Lalu apa? Tentu saja kehidupan setelah pernikahan itu terus berlanjut.
Inilah yang disebut dengan,
'After Happy Ending'
Selamat membaca~
Karya ini diterbitkan atas izin NovelToon Yola Varka, isi konten hanyalah pandangan pribadi pembuatnya, tidak mewakili NovelToon sendiri
Prolog
Angin sore ini, sangat sejuk dan menenangkan. Untuk sesaat, aku sepertinya sudah menjadi gila.
Apa karena aku merasa lelah? Atau karena aku sedang kelaparan? Entahlah. Sekarang, aku hanya ingin melepas rasa letih di atas jembatan ini.
Di hadapanku, aku bisa melihat indahnya matahari yang mulai terbenam. Wajahku jadi terpapar sinar oranye. Silau, tapi juga indah. Sesuatu yang indah itu memang menyilaukan, bukan?
Angin yang berasal dari arah barat, membuat pakaian dan hijab yang kukenakan jadi berkibar-kibar. Anginnya, tiba-tiba jadi terasa agak kencang. Aku merasa seperti bisa terbang ke atas langit.
Ya, seandainya itu bisa terjadi, maka aku juga ingin terbang menembus awan, lalu menghilang.
Aku melamun cukup lama di atas jembatan. Dan di saat aku sedang fokus memandangi matahari yang berwarna jingga, tiba-tiba aku tergerak.
Kedua tanganku menggenggam besi jembatan dengan erat. Aku sudah bilang, kan, kalau aku memang sudah gila? Aku benar-benar telah hilang akal.
Perlahan, aku mengangkat sebelah kakiku, hendak menaiki pagar jembatan panjang nan besar ini. Kebetulan, jalanan sangat sepi sore ini, ah, bukan, kini sudah agak petang karena aku sudah berdiri cukup lama di sini. Itulah mengapa, aku jadi ingin berbuat bodoh di hari yang terasa hanya ada aku seorang diri di dunia ini. Aku tak suka jika kebodohanku terlihat oleh orang lain.
Ketika kaki kiriku sudah berpijak pada salah satu pagar besi jembatan paling bawah, di saat yang sama, air mataku mulai mengalir tanpa aba-aba. Aneh. Padahal, sekarang aku sedang tidak memiliki emosi sama sekali. Aku jadi terlihat sedang menangis dalam diam dengan wajah datar. Benar-benar datar. Aku sama sekali tidak merasakan apapun dalam hatiku. Kosong dan hampa.
"Neng!" Aku tersentak dan refleks membalik badan, guna melihat siapa gerangan yang berani mengganggu momen dramatisku ini. Sungguh kurang ajar.
"Ya?" sahutku, setelah menghapus air mata di kedua pipi menggunakan jilbab coklat yang aku kenakan.

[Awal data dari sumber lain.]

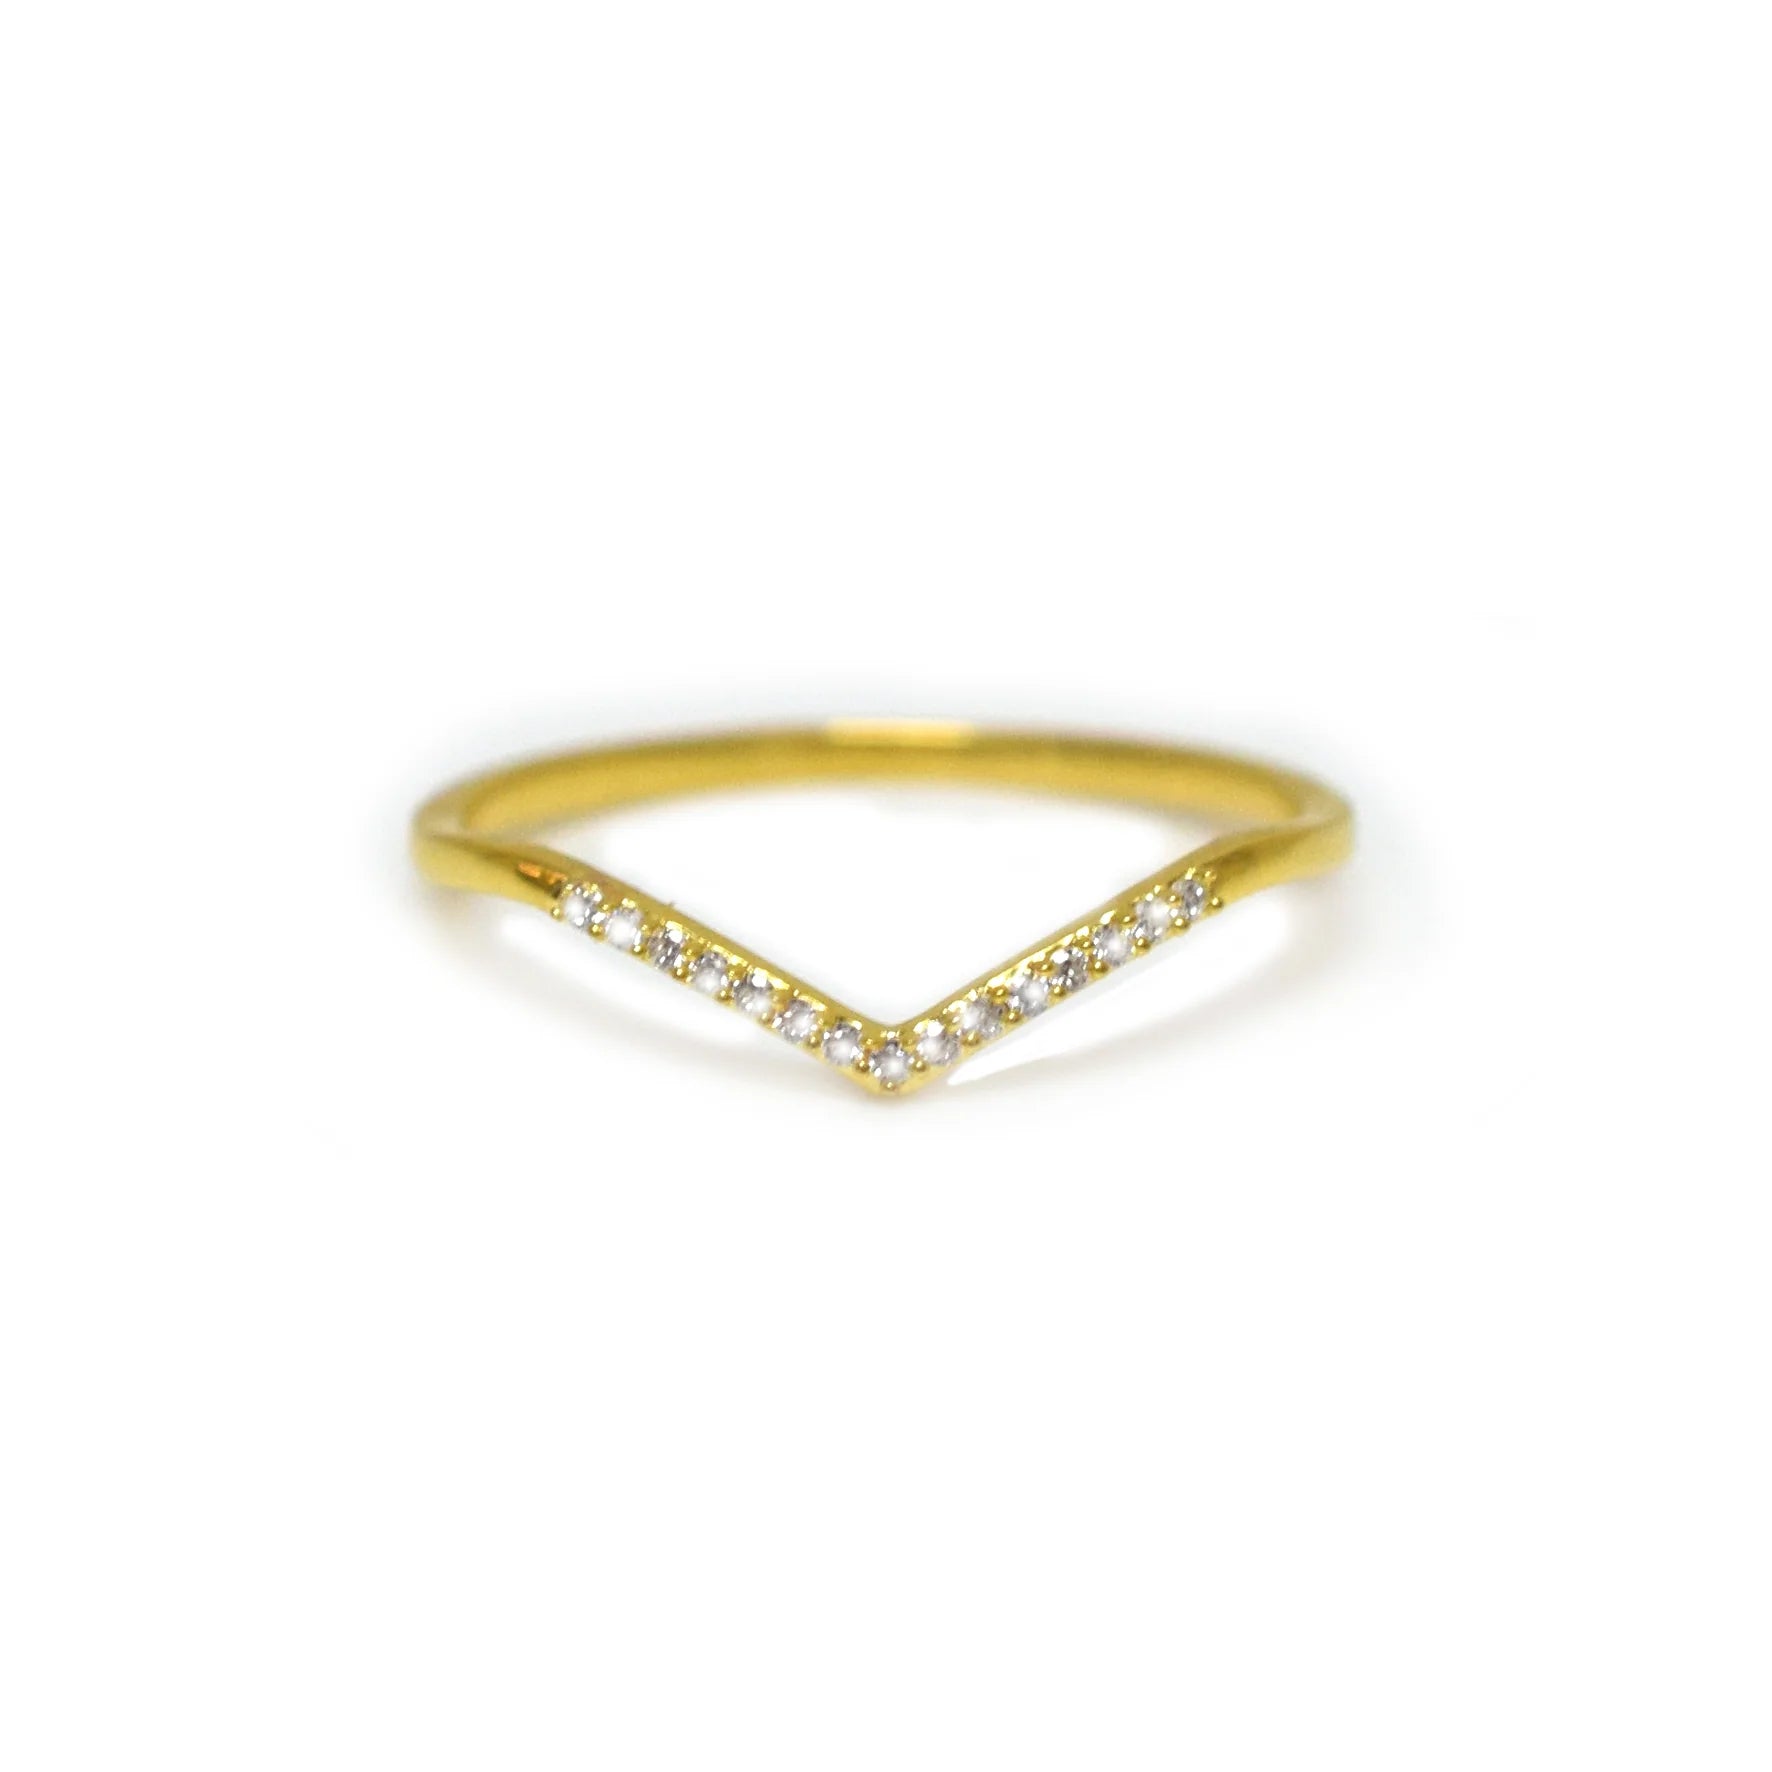 Diamond Victorian Ring from La Kaiser Jewelry

"Pom bensin deket sini, ada di mana, ya, Neng?" Aku menghela napas panjang, setelah mendengar pertanyaan dari seorang bapak-bapak yang sedang duduk di kursi kemudi mobil hitam miliknya.

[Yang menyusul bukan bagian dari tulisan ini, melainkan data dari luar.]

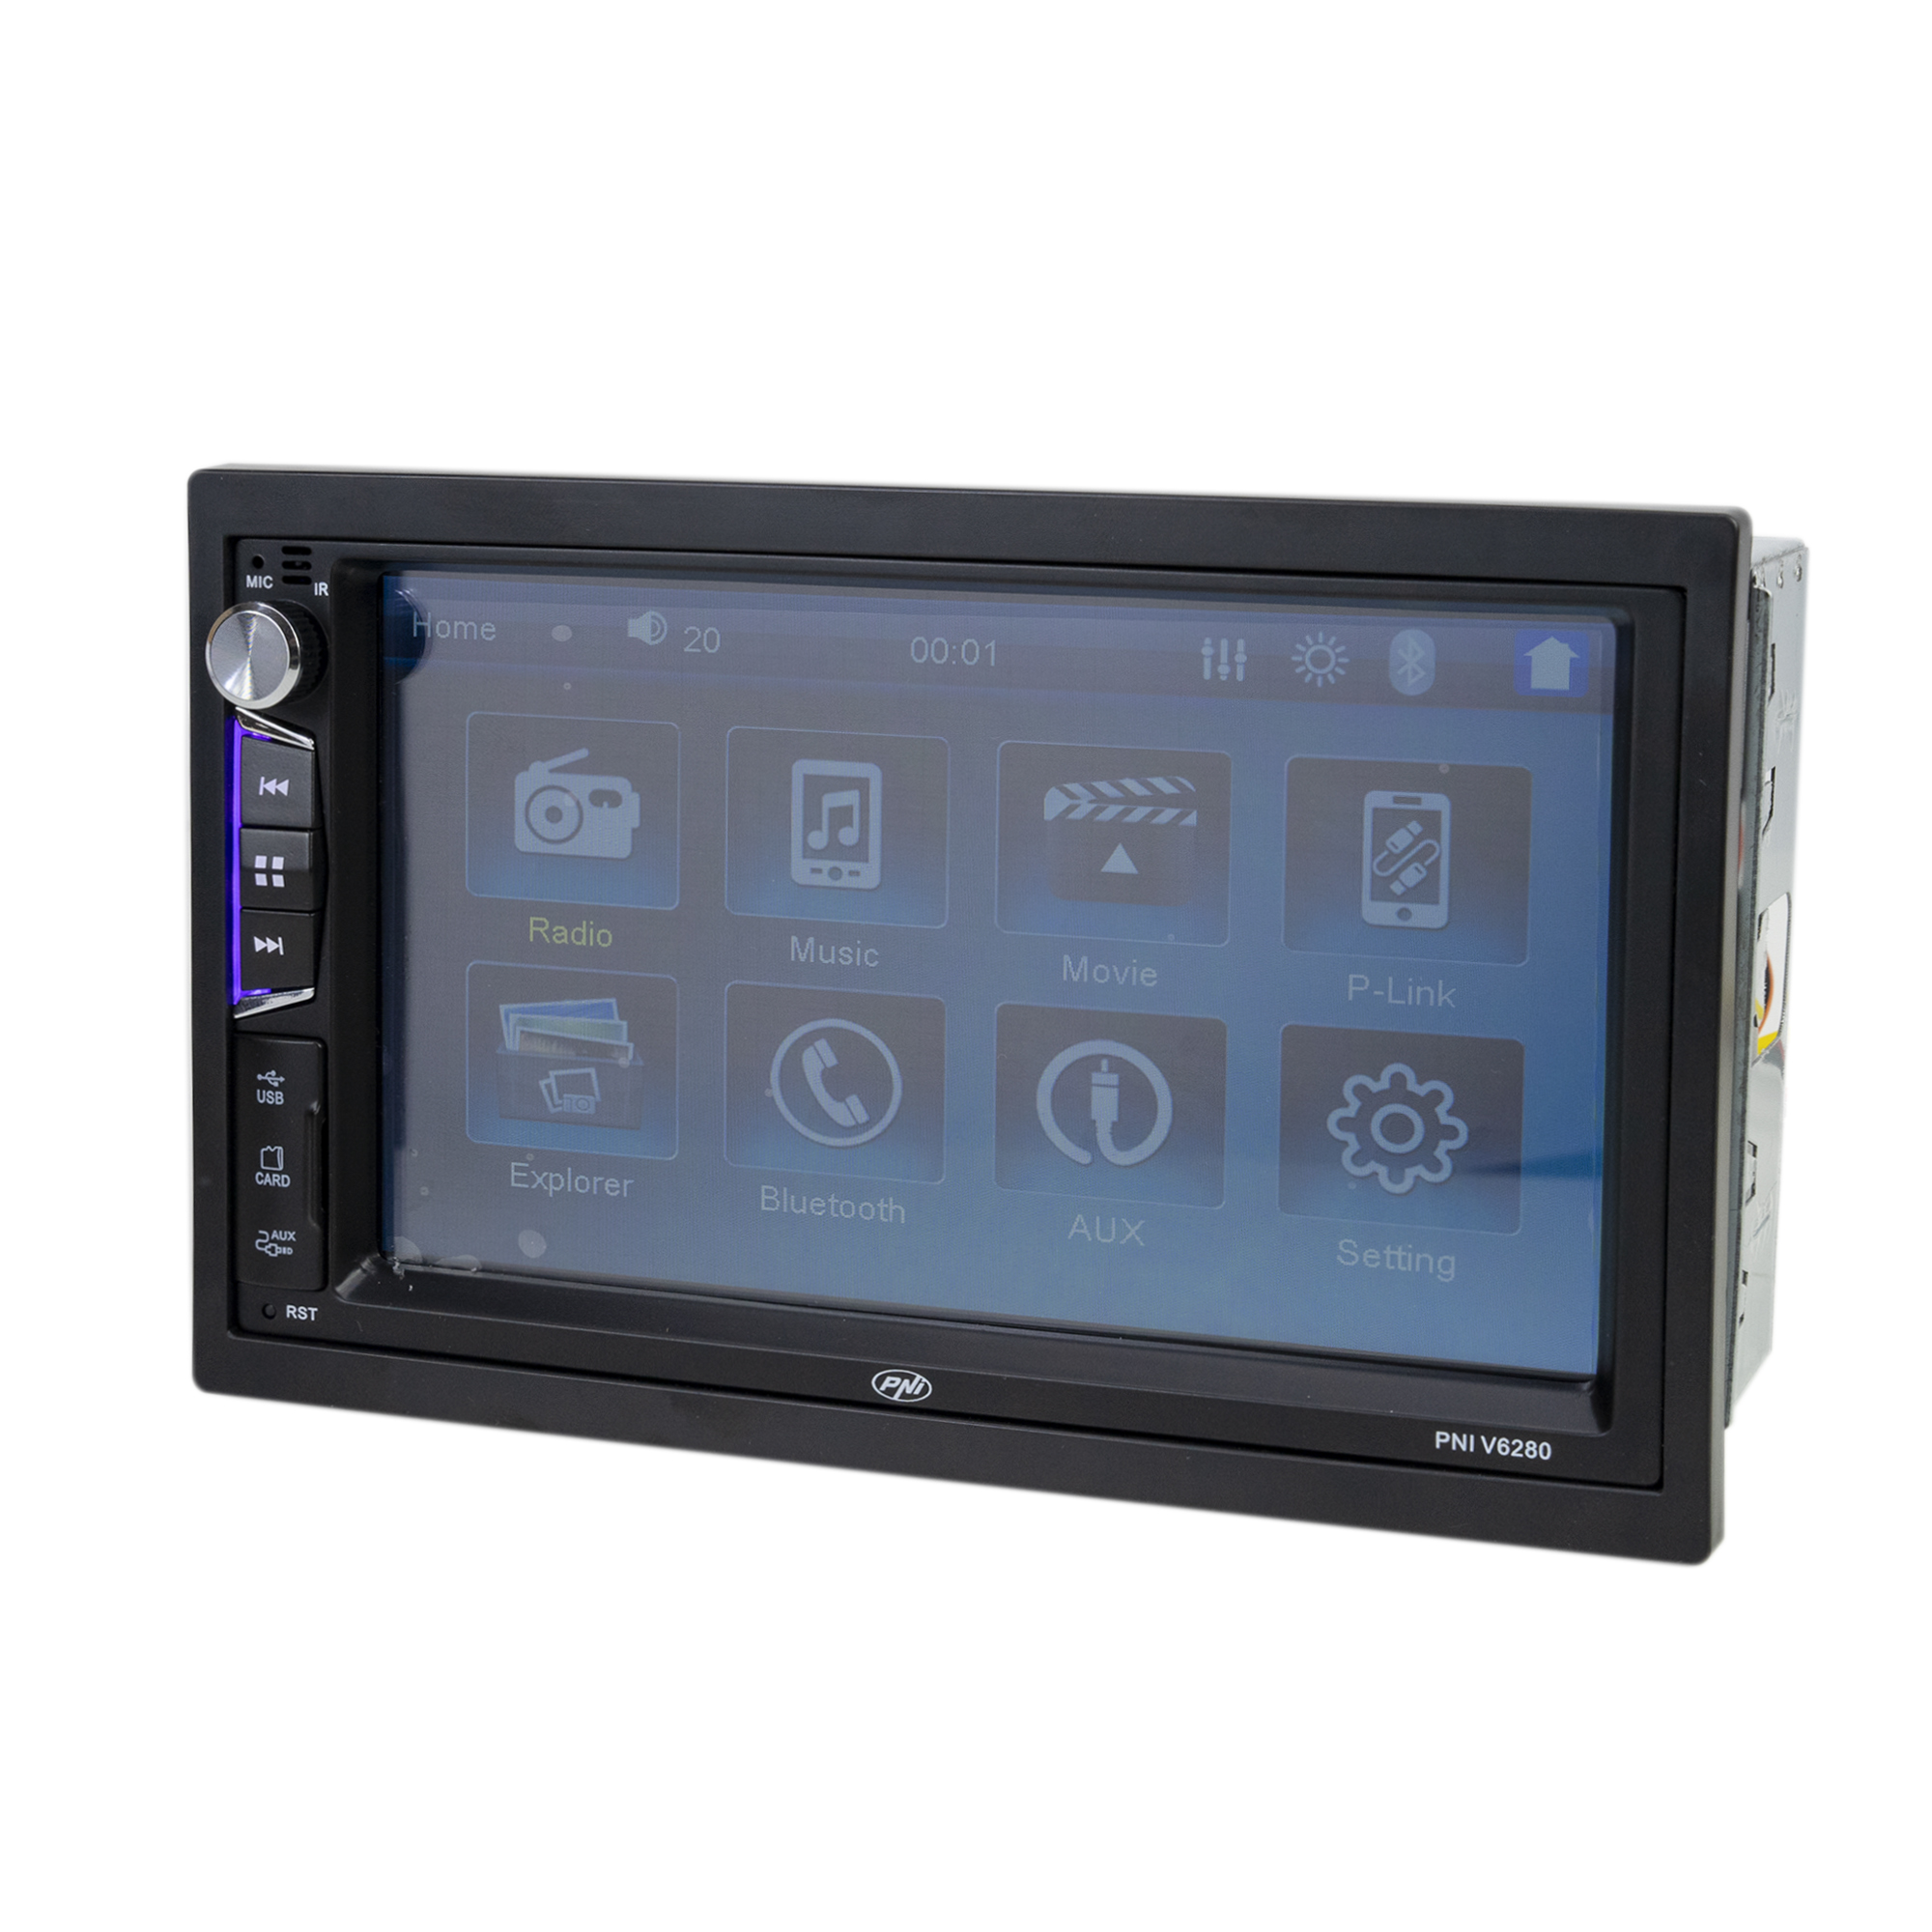 PNI V6280 Auto-Multimedia-Player mit Touchscreen - Bild 3

"Maaf. Saya kurang tahu karena bukan asli orang sini," jawabku, tanpa basa-basi langsung berjalan menjauhi bapak-bapak tadi.

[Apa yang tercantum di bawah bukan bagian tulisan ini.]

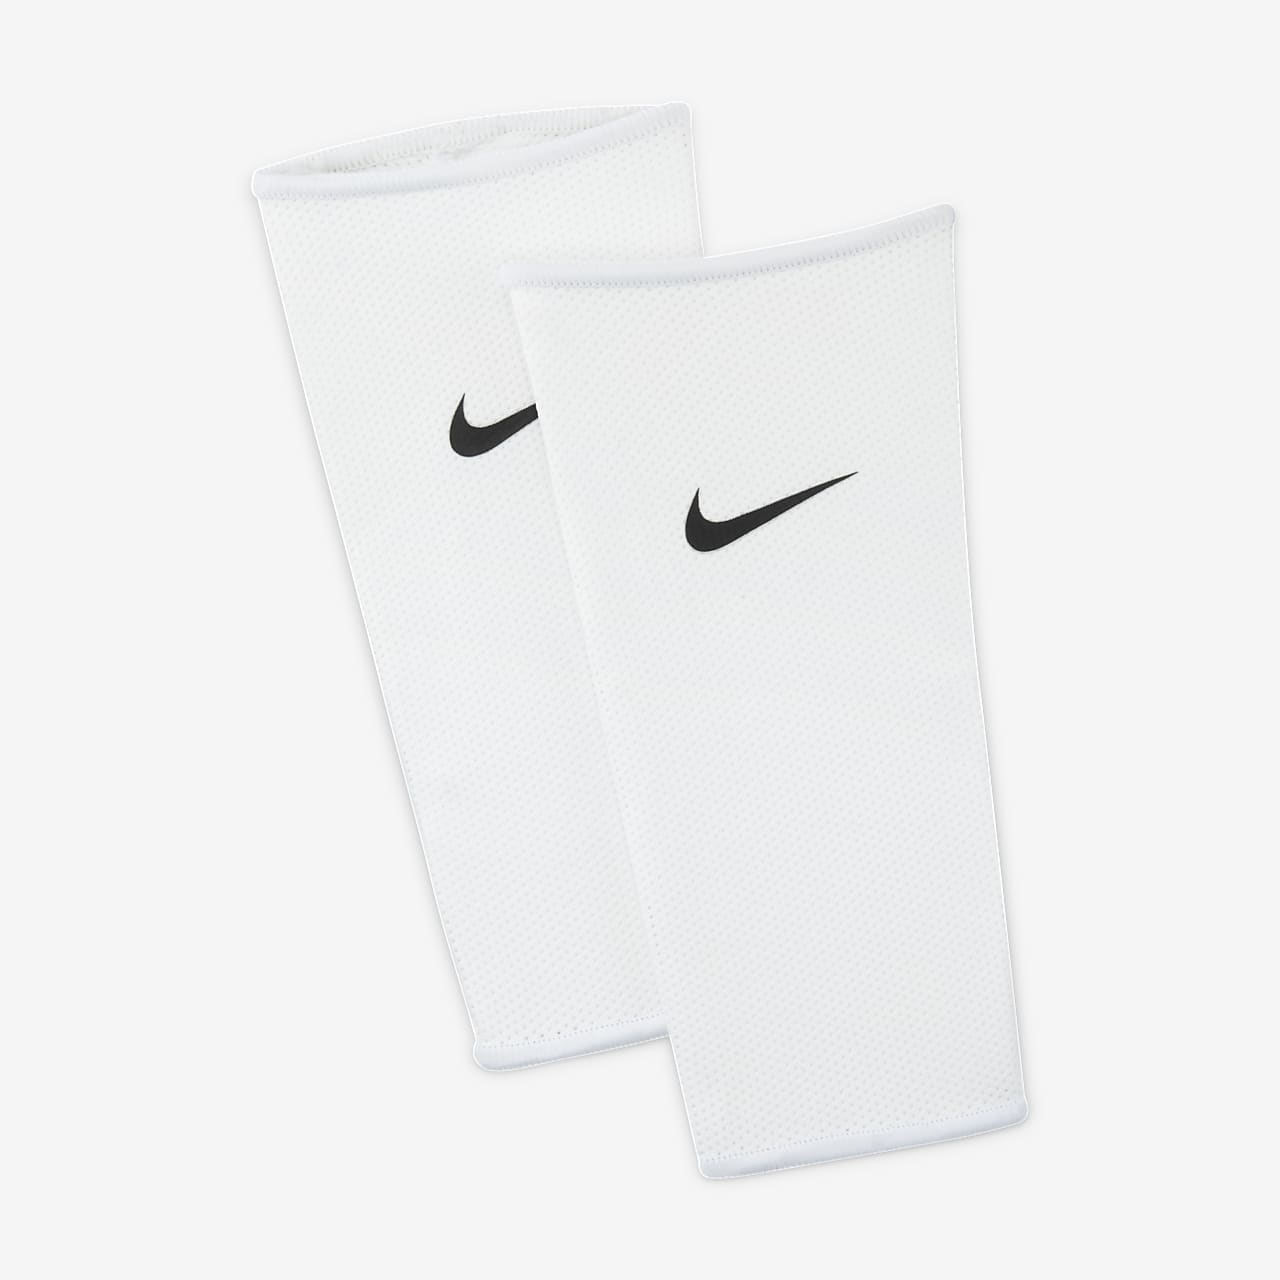 Nike Guard Lock Soccer Guard Sleeves (1

Apa aku harus berterima kasih padanya? Berkat dia, aku jadi menunda niat bodohku. Ah, menunda? Apakah aku hanya menundanya, atau aku sudah mengurungkan niatku? Entahlah. Kuharap, niatan itu tidak akan pernah terealisasikan.
Aku sudah hidup dengan susah payah di dunia yang melelahkan ini. Kenapa aku harus mengakhiri hidupku dengan cara yang mengerikan seperti itu? Aku tidak ingin lagi merasakan kesulitan di alam yang lain.
Benar. Aku sudah melakukan hal yang benar dengan mengurungkan niatku ini.
Bodoh! Aku jadi teringat momen ketika aku sedang tertawa bersama adikku. Itu artinya, aku juga pernah merasa bahagia telah hidup di dunia yang fana ini. Bahkan, jika melihat bagaimana aku bisa berdiri dan berjalan menuju jembatan ini saja, sudah membuktikan bahwa hidupku tidak seburuk itu.
Aku telah terlahir sehat dan memiliki tubuh yang normal, adalah bukti bahwa Tuhan telah memberikan nikmat yang luar biasa padaku. Mungkin, aku harus berjuang dengan tubuh sehatku ini, agar bisa keluar dari lingkar kesengsaraan yang membelenggu hidupku.
Aku menghentikan langkahku, lalu mendongak menatap langit yang mulai menggelap. Aku memejamkan kedua mataku sejenak. Dan ketika aku kembali membuka mata, pandanganku menangkap sebuah bintang yang berkelap-kelip di langit. Bintang itu berusaha menunjukkan kilaunya, di tengah mendung yang berkumpul di atas sana. Ia masih tetap berusaha untuk berkilau.
Aku tersenyum melihat bintang itu sambil terus mendongak, sampai leherku terasa sakit.
Baik. Sekarang aku mengerti. Dari pada menjadi pendosa dengan membunuh diriku sendiri, lebih baik aku tetap hidup sehingga bisa berusaha dan berjuang agar dapat bersinar seperti bintang di langit.
Ya, cita-citaku sekarang adalah menjadi bintang. Aku akan menjadi bintang yang bersinar paling terang. Lihat saja!